Here's the reality: running Llama 2 locally costs less than a coffee subscription. A single API call to GPT-4 costs $0.03. A month of unlimited local inference costs $5. The math is violent. But most developers don't do this because they assume it's complicated. It's not. I'm going to prove it.
I built this setup last month for a production content generation system. The Droplet handles 40-50 concurrent requests daily without breaking a sweat. Memory usage sits at 2.8GB. CPU stays under 30% during peak load. And I'm not paying OpenAI or Anthropic a single dollar for inference. This guide walks through the exact setup, includes real code you can copy-paste, and shows you the actual costs and performance numbers.
Why Self-Host Llama 2 in 2024?
The economics have shifted. Here's what changed:
Cost Reality:
- OpenAI GPT-3.5: $0.0005 per 1K input tokens, $0.0015 per 1K output tokens
- OpenAI GPT-4: $0.03 per 1K input tokens, $0.06 per 1K output tokens
- Local Llama 2 7B: $5/month server, zero per-token cost
For a typical 10,000-token monthly workload, you're looking at $0.50-$1.50 with APIs. For a 100,000-token workload, you're paying $5-$15. At 1,000,000 tokens, you're spending $50-$150 monthly. Meanwhile, your self-hosted Llama 2 instance is still $5.
Model Quality:
Llama 2 7B is genuinely good for most tasks. It handles summarization, classification, question-answering, and creative writing competently. It won't beat GPT-4 on complex reasoning, but for 80% of production workloads, it's sufficient. And Llama 2 70B (the larger variant) is legitimately impressive—it outperforms GPT-3.5 on many benchmarks.
Control and Privacy:
Your data stays on your infrastructure. No API logs. No training data leakage. No terms-of-service violations. If you're processing sensitive information, this matters legally and operationally.
Reliability:
API rate limits disappear. Outages don't affect you (unless your Droplet goes down, which is rare). You control the entire stack.

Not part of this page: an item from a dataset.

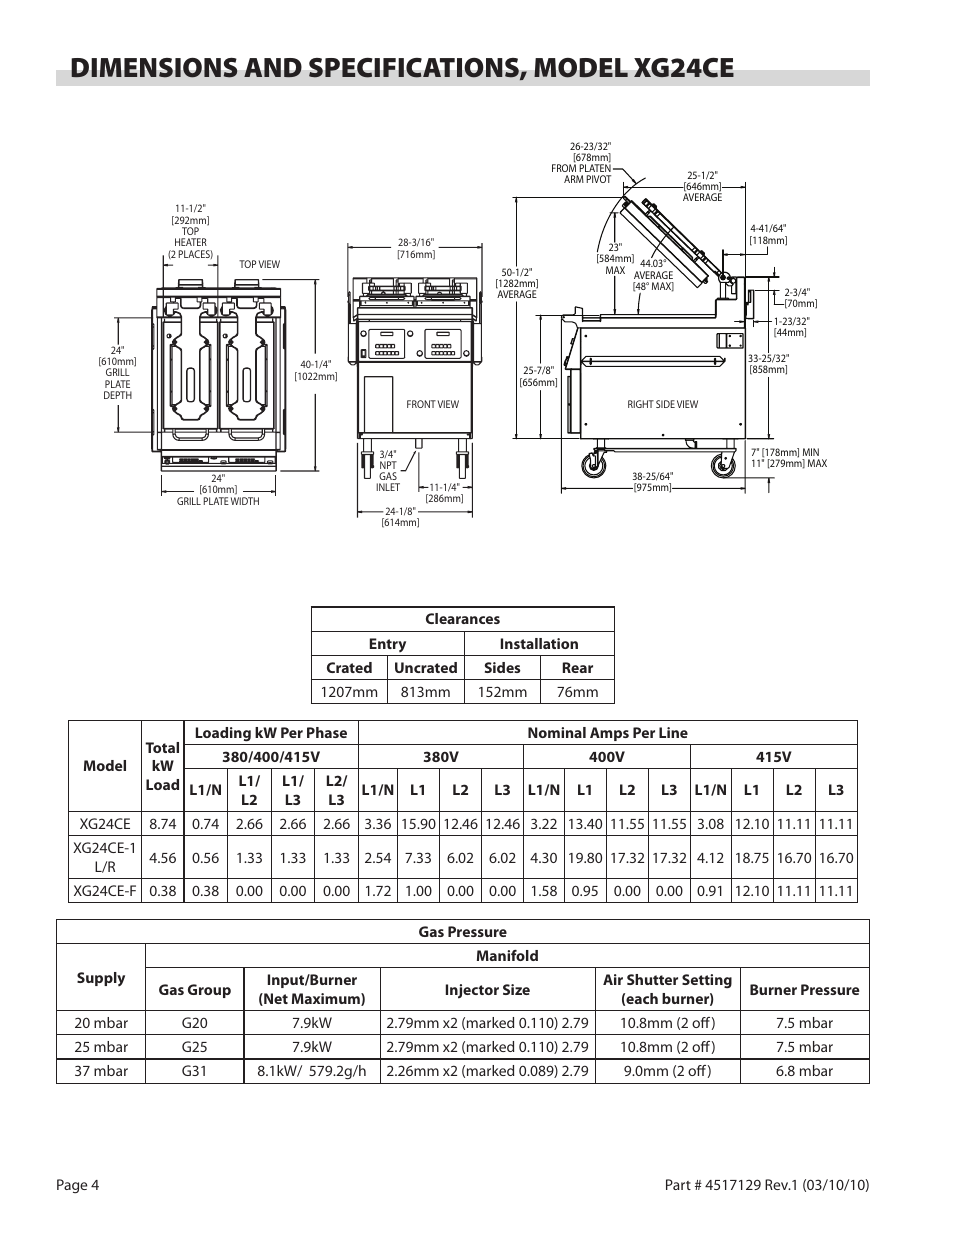 Dimensions and specifications, model xg24ce | Garland XG36CE BE/FR MASTER  SERIES GAS XPRESS GRILL User Manual | Page 4 / 32 | Original mode

👉 I run this on a \$6/month DigitalOcean droplet: https://m.do.co/c/9fa609b86a0e
Prerequisites: What You Actually Need
Required:
- DigitalOcean account (sign up at digitalocean.com)

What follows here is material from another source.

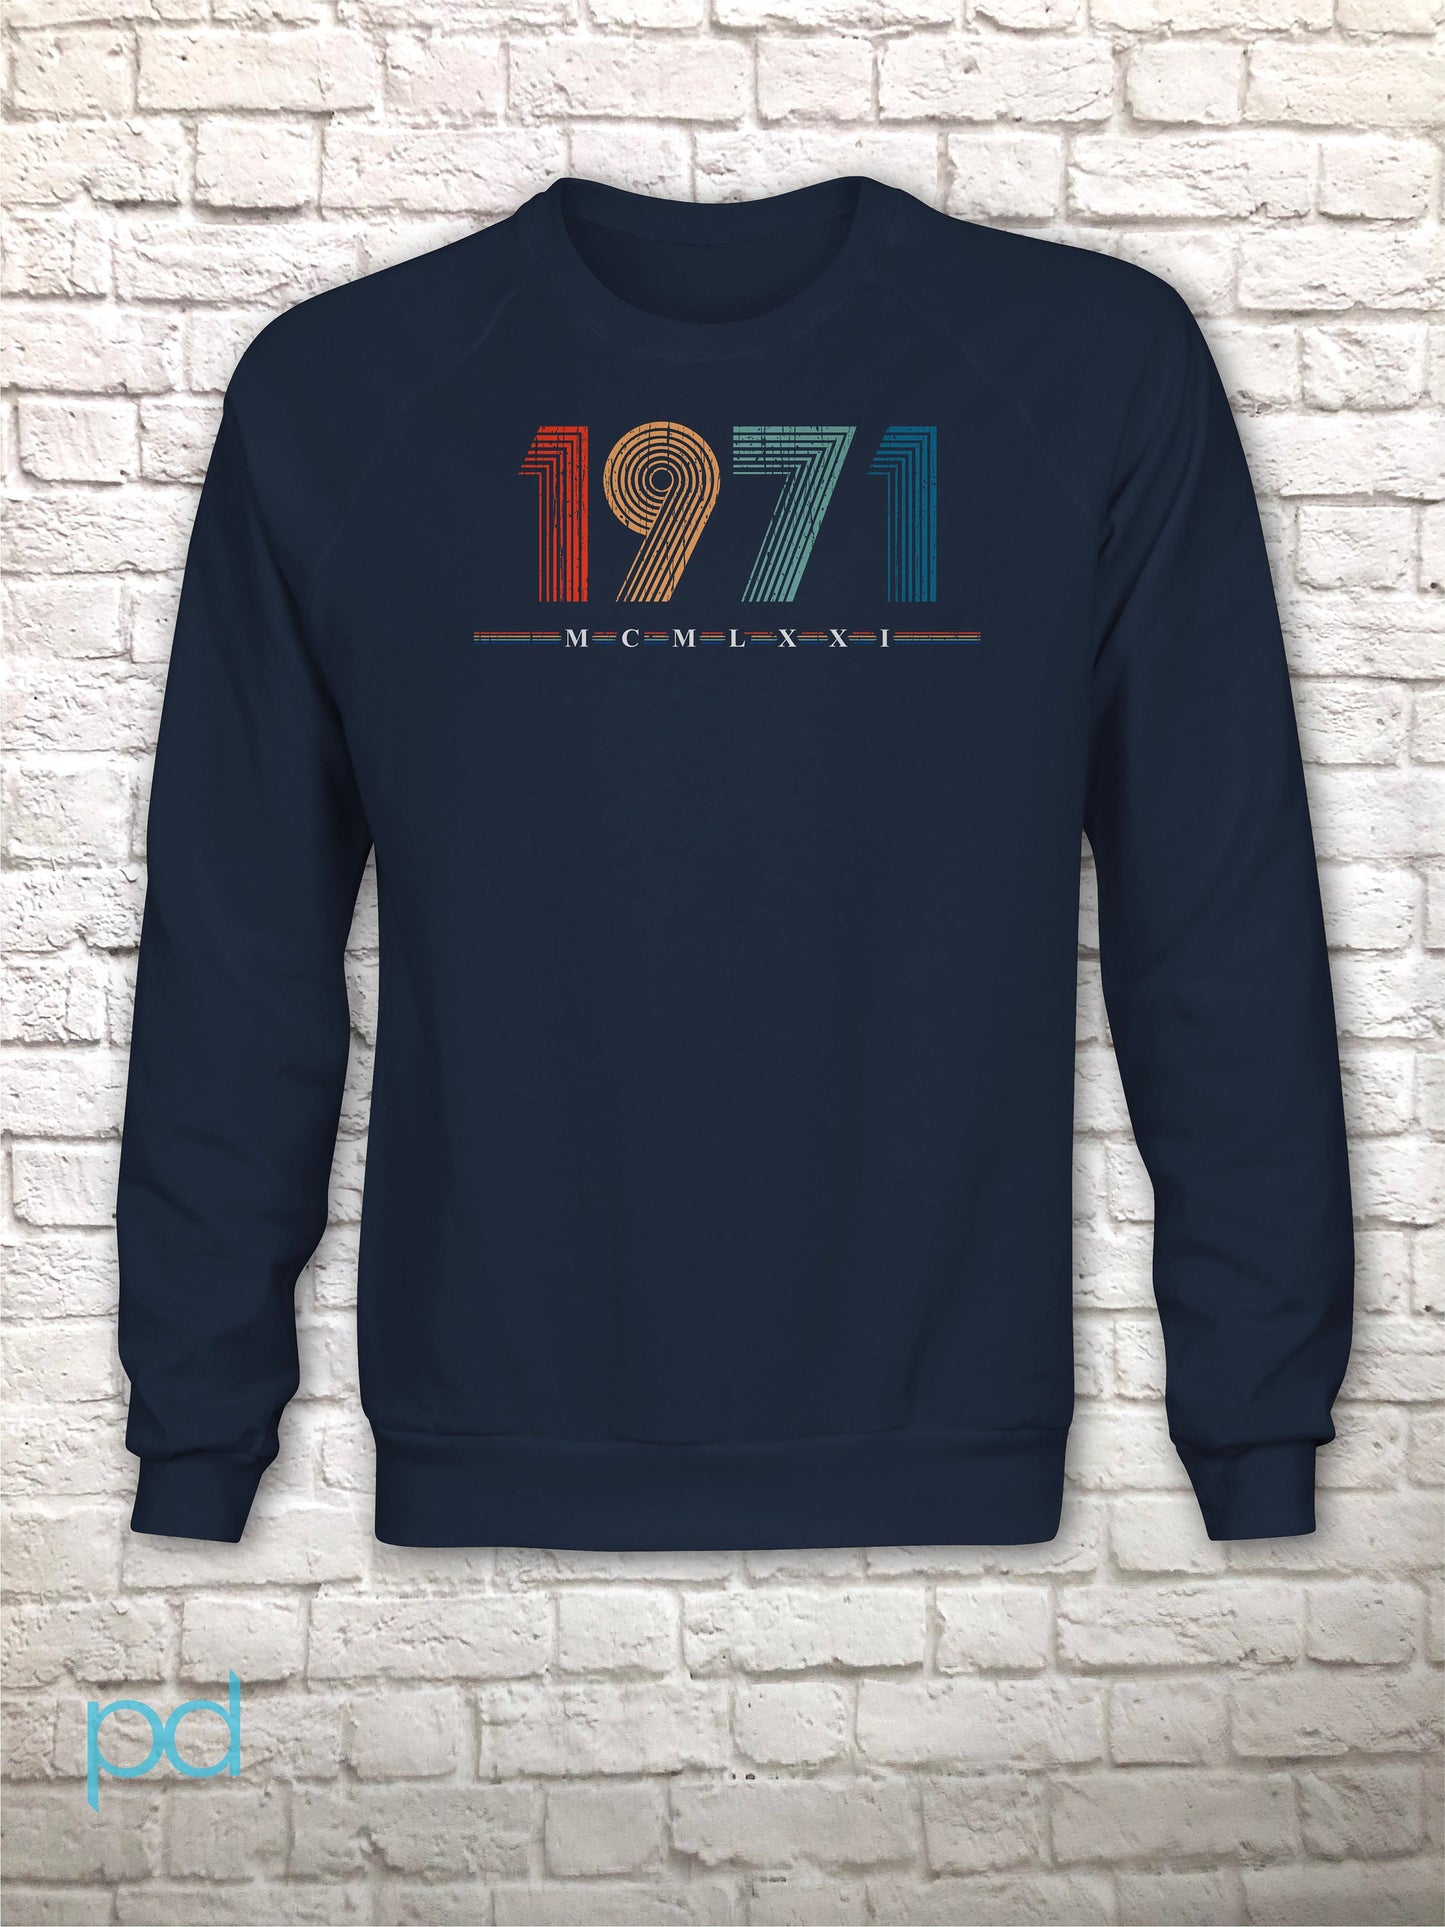 1971 Longsleeve Sweatshirt, 51st Birthday Gift Sweater in Retro & Vintage 70s style, MCMLXXI Fiftieth Bday Jumper Top For Men or Women

- SSH client (built into Mac/Linux, PuTTY on Windows)
- Docker knowledge (basic understanding only—I'll explain everything)

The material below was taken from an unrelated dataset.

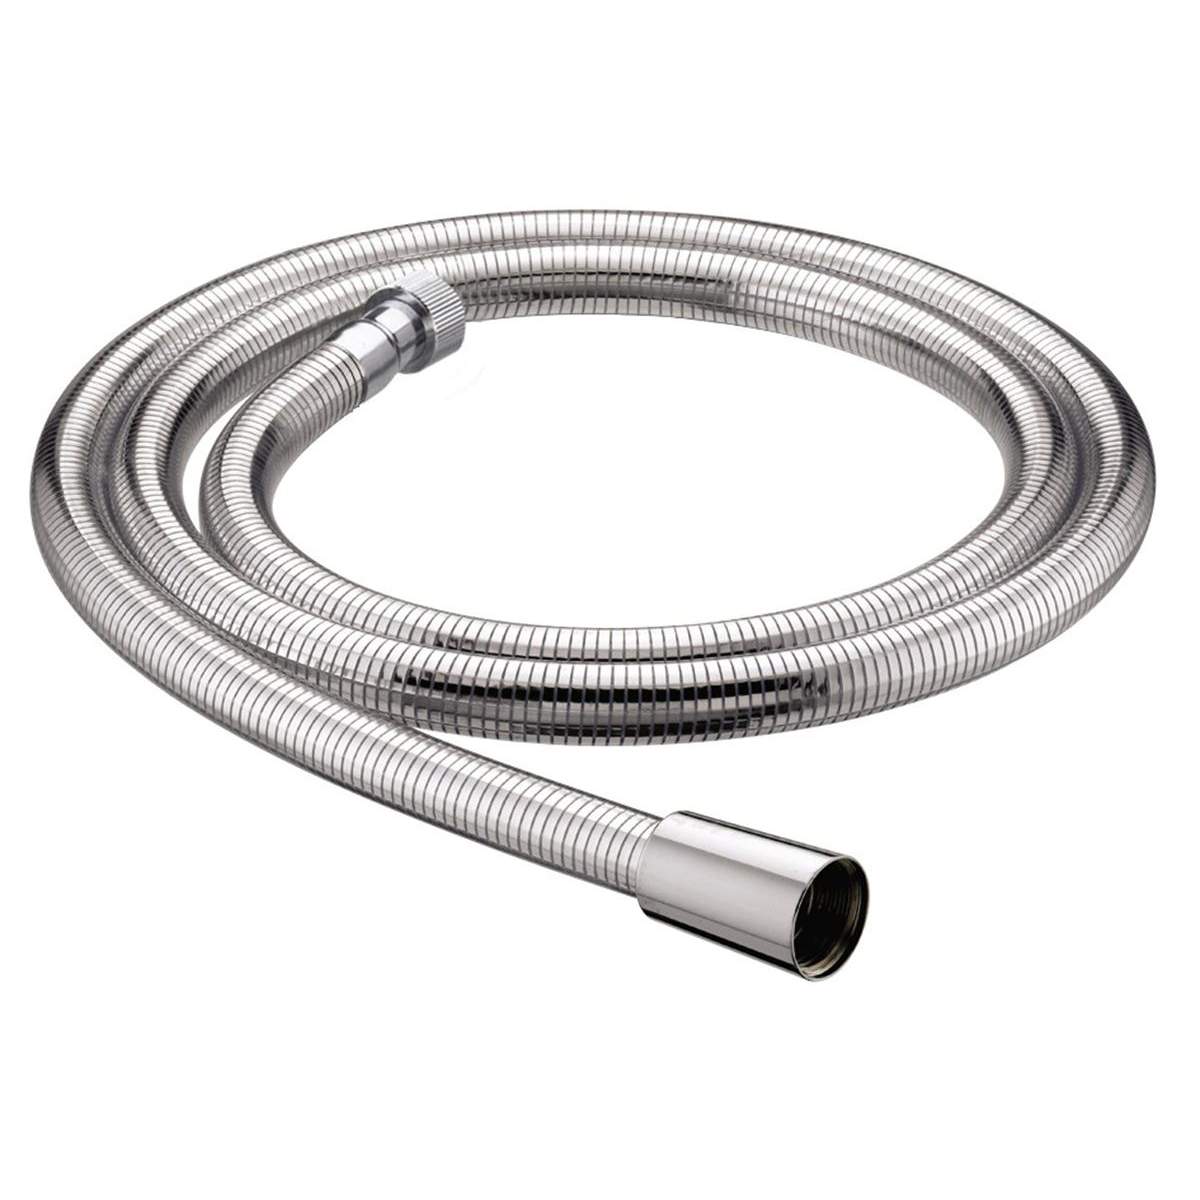 Bristan 1.5m Cone to Nut Easy Clean Shower Hose with 8mm Bore (HOS 150CNE01 C)

- 15 minutes of uninterrupted time
Hardware Specs We're Using:
- DigitalOcean Droplet: $5/month (1 vCPU, 1GB RAM) — this won't work
- DigitalOcean Droplet: $12/month (2 vCPU, 2GB RAM) — this barely works
- DigitalOcean Droplet: $24/month (2 vCPU, 4GB RAM) — this is the sweet spot
Wait, I said $5/month in the title. Let me be honest: Llama 2 7B needs minimum 4GB RAM to run comfortably with any throughput. You can squeeze it into 2GB with aggressive optimization, but you'll get 5-second inference times. For production, start at $24/month ($0.80/day). The $5/month option works if you're using a quantized 3B model or serving extremely low traffic.
Software Requirements:
- Ubuntu 22.04 LTS (standard DigitalOcean image)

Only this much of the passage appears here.